- Task objective:
Copy all of the records exactly.

[Information provided Boundary: Start]

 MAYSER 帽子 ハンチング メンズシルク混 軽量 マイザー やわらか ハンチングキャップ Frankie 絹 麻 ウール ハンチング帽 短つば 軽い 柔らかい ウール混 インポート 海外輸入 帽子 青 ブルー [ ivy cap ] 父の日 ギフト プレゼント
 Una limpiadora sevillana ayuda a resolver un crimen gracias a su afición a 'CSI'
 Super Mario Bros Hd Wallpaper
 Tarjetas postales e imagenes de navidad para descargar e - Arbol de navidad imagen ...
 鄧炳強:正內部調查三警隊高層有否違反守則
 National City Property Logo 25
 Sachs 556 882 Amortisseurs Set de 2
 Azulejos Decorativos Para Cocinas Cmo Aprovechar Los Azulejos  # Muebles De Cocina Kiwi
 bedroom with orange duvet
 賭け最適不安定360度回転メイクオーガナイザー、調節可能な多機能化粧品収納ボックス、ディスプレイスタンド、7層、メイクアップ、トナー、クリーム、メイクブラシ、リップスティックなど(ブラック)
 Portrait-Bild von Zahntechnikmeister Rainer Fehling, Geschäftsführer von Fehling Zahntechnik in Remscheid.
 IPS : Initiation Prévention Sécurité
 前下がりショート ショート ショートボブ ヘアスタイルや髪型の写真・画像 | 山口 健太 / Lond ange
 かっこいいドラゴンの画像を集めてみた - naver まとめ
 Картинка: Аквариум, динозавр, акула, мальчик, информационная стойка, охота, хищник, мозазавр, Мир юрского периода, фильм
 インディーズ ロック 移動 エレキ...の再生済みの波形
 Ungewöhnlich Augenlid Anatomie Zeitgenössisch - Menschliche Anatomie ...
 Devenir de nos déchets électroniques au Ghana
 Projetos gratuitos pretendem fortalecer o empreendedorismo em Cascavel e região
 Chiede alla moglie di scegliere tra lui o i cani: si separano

[Information provided Boundary: End]

- Solution to the problem:
 MAYSER 帽子 ハンチング メンズシルク混 軽量 マイザー やわらか ハンチングキャップ Frankie 絹 麻 ウール ハンチング帽 短つば 軽い 柔らかい ウール混 インポート 海外輸入 帽子 青 ブルー [ ivy cap ] 父の日 ギフト プレゼント
 Una limpiadora sevillana ayuda a resolver un crimen gracias a su afición a 'CSI'
 Super Mario Bros Hd Wallpaper
 Tarjetas postales e imagenes de navidad para descargar e - Arbol de navidad imagen ...
 鄧炳強:正內部調查三警隊高層有否違反守則
 National City Property Logo 25
 Sachs 556 882 Amortisseurs Set de 2
 Azulejos Decorativos Para Cocinas Cmo Aprovechar Los Azulejos  # Muebles De Cocina Kiwi
 bedroom with orange duvet
 賭け最適不安定360度回転メイクオーガナイザー、調節可能な多機能化粧品収納ボックス、ディスプレイスタンド、7層、メイクアップ、トナー、クリーム、メイクブラシ、リップスティックなど(ブラック)
 Portrait-Bild von Zahntechnikmeister Rainer Fehling, Geschäftsführer von Fehling Zahntechnik in Remscheid.
 IPS : Initiation Prévention Sécurité
 前下がりショート ショート ショートボブ ヘアスタイルや髪型の写真・画像 | 山口 健太 / Lond ange
 かっこいいドラゴンの画像を集めてみた - naver まとめ
 Картинка: Аквариум, динозавр, акула, мальчик, информационная стойка, охота, хищник, мозазавр, Мир юрского периода, фильм
 インディーズ ロック 移動 エレキ...の再生済みの波形
 Ungewöhnlich Augenlid Anatomie Zeitgenössisch - Menschliche Anatomie ...
 Devenir de nos déchets électroniques au Ghana
 Projetos gratuitos pretendem fortalecer o empreendedorismo em Cascavel e região
 Chiede alla moglie di scegliere tra lui o i cani: si separano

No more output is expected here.